Exercise = Each line below must be set down exactly; omit any image you find.

Provided material =
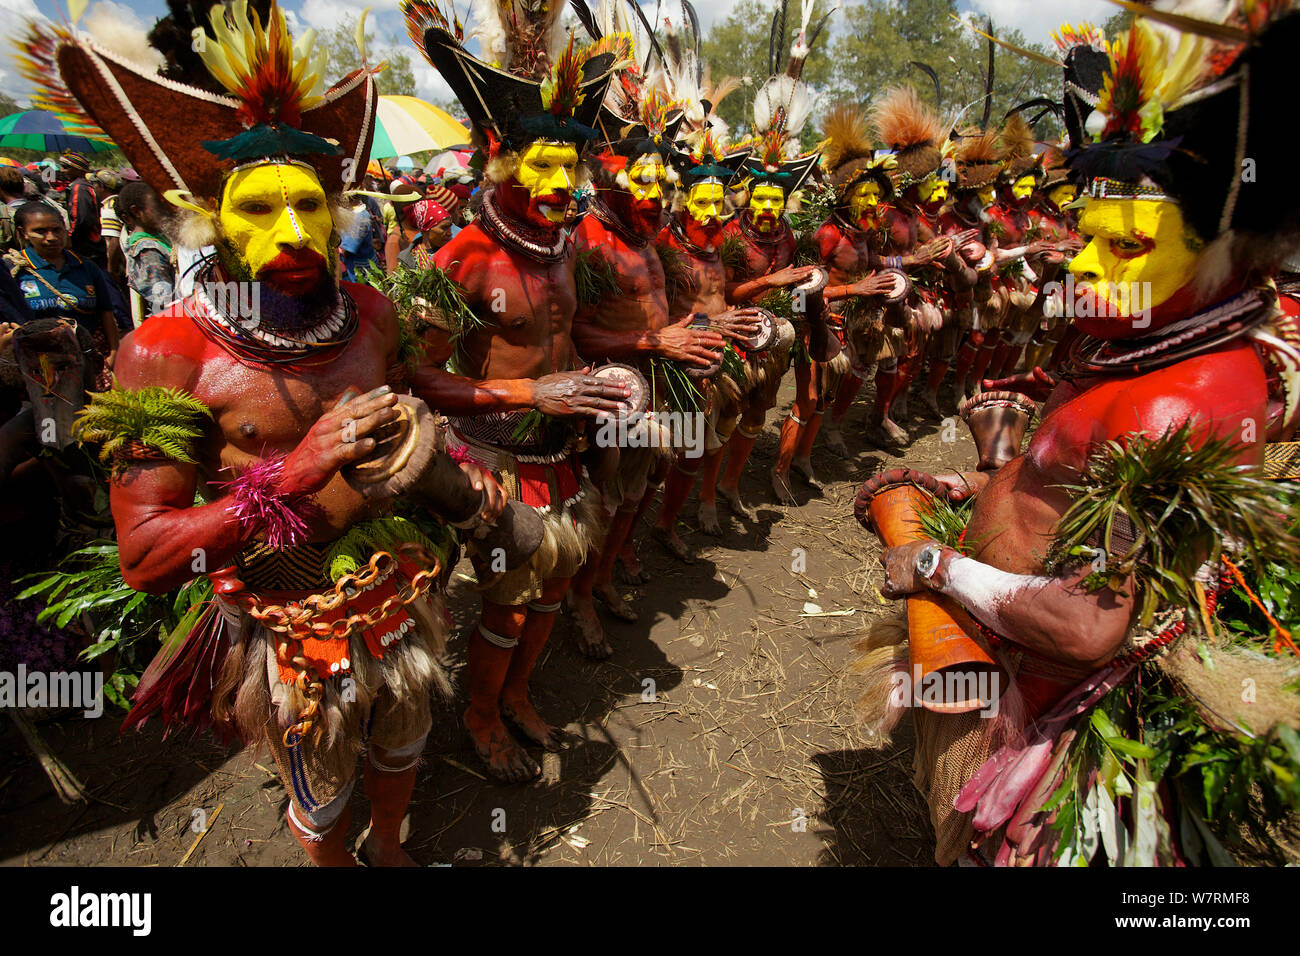 Huli 'singsing' ceremonia de danza. Huli wigmen vistiendo cabello pelucas y plumas de diversas aves del paraíso y otras especies de aves. Tari Valle, provincia de Southern Highlands, Papua Nueva Guinea. Noviembre de 2010 Foto de stock
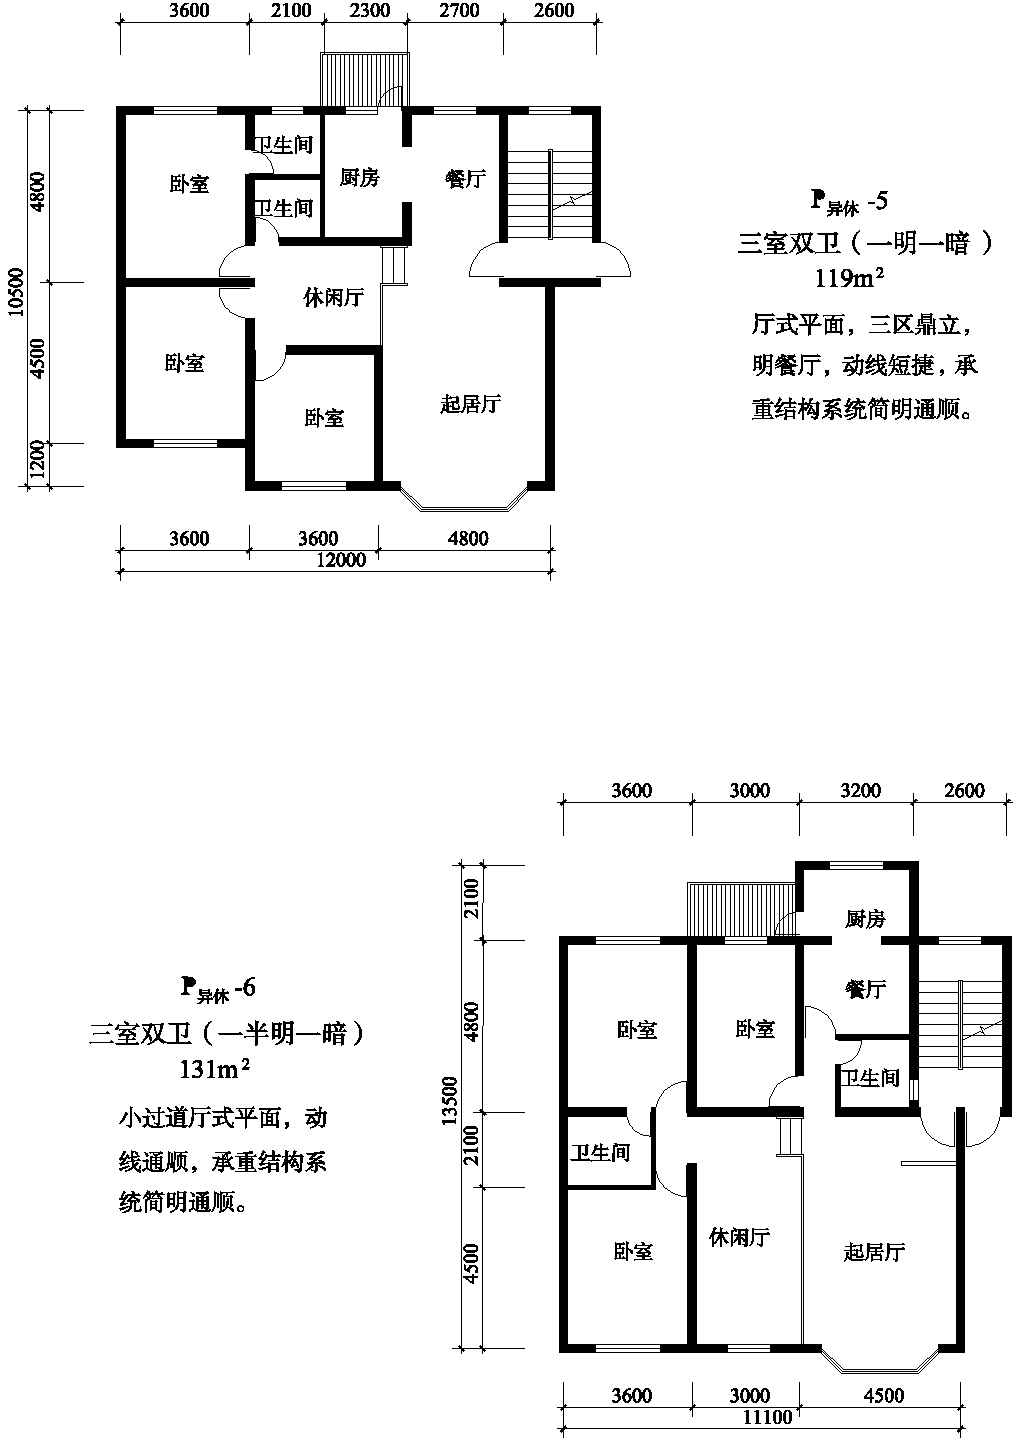 三室131/119平方单元式住宅户型平面图纸
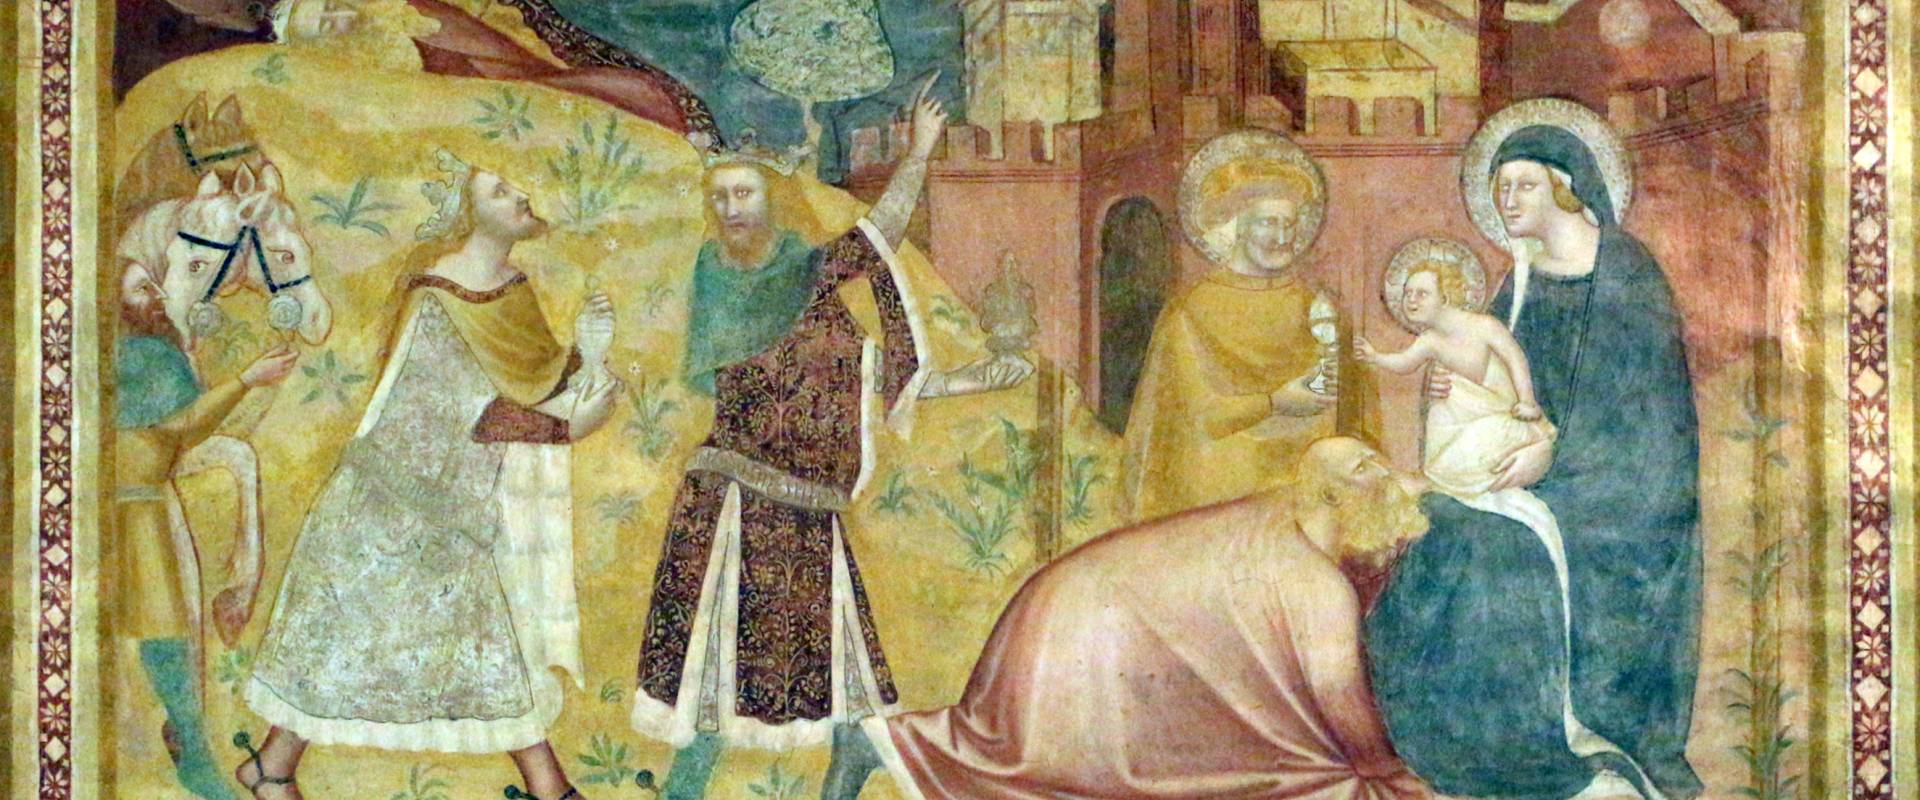 Scuola bolognese, ciclo dell'abbazia di pomposa, 1350 ca., nuovo testamento, 03 adorazione dei magi 1 photo by Sailko
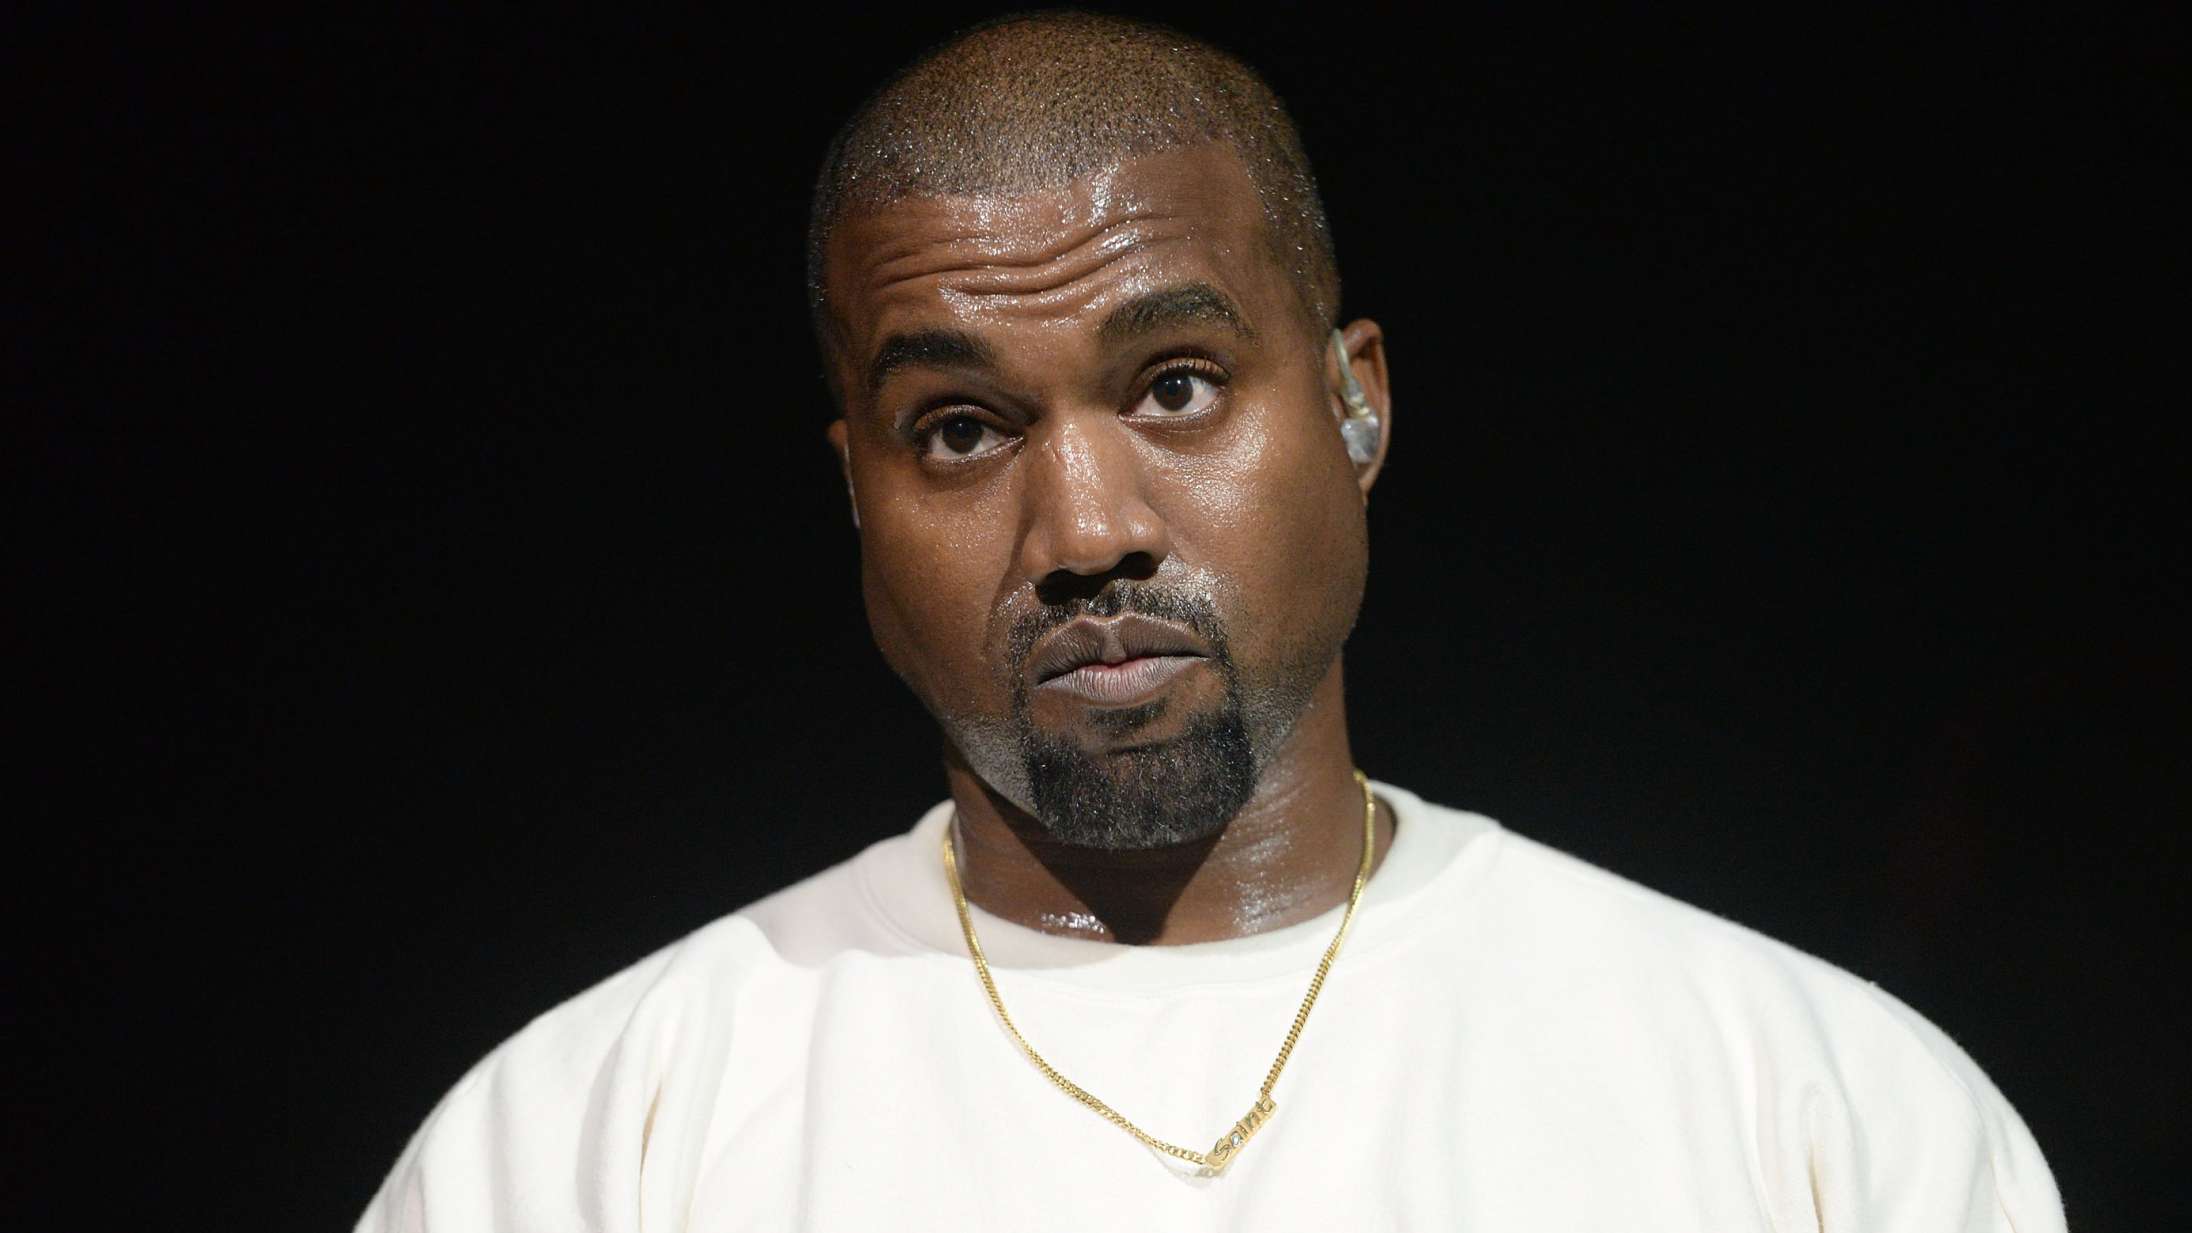 Præst sagsøger Kanye West for at sample hans prædiken uden tilladelse

Exercise response =
 Huli 'singsing' ceremonia de danza. Huli wigmen vistiendo cabello pelucas y plumas de diversas aves del paraíso y otras especies de aves. Tari Valle, provincia de Southern Highlands, Papua Nueva Guinea. Noviembre de 2010 Foto de stock
 三室131/119平方单元式住宅户型平面图纸
 Scuola bolognese, ciclo dell'abbazia di pomposa, 1350 ca., nuovo testamento, 03 adorazione dei magi 1 photo by Sailko
 Præst sagsøger Kanye West for at sample hans prædiken uden tilladelse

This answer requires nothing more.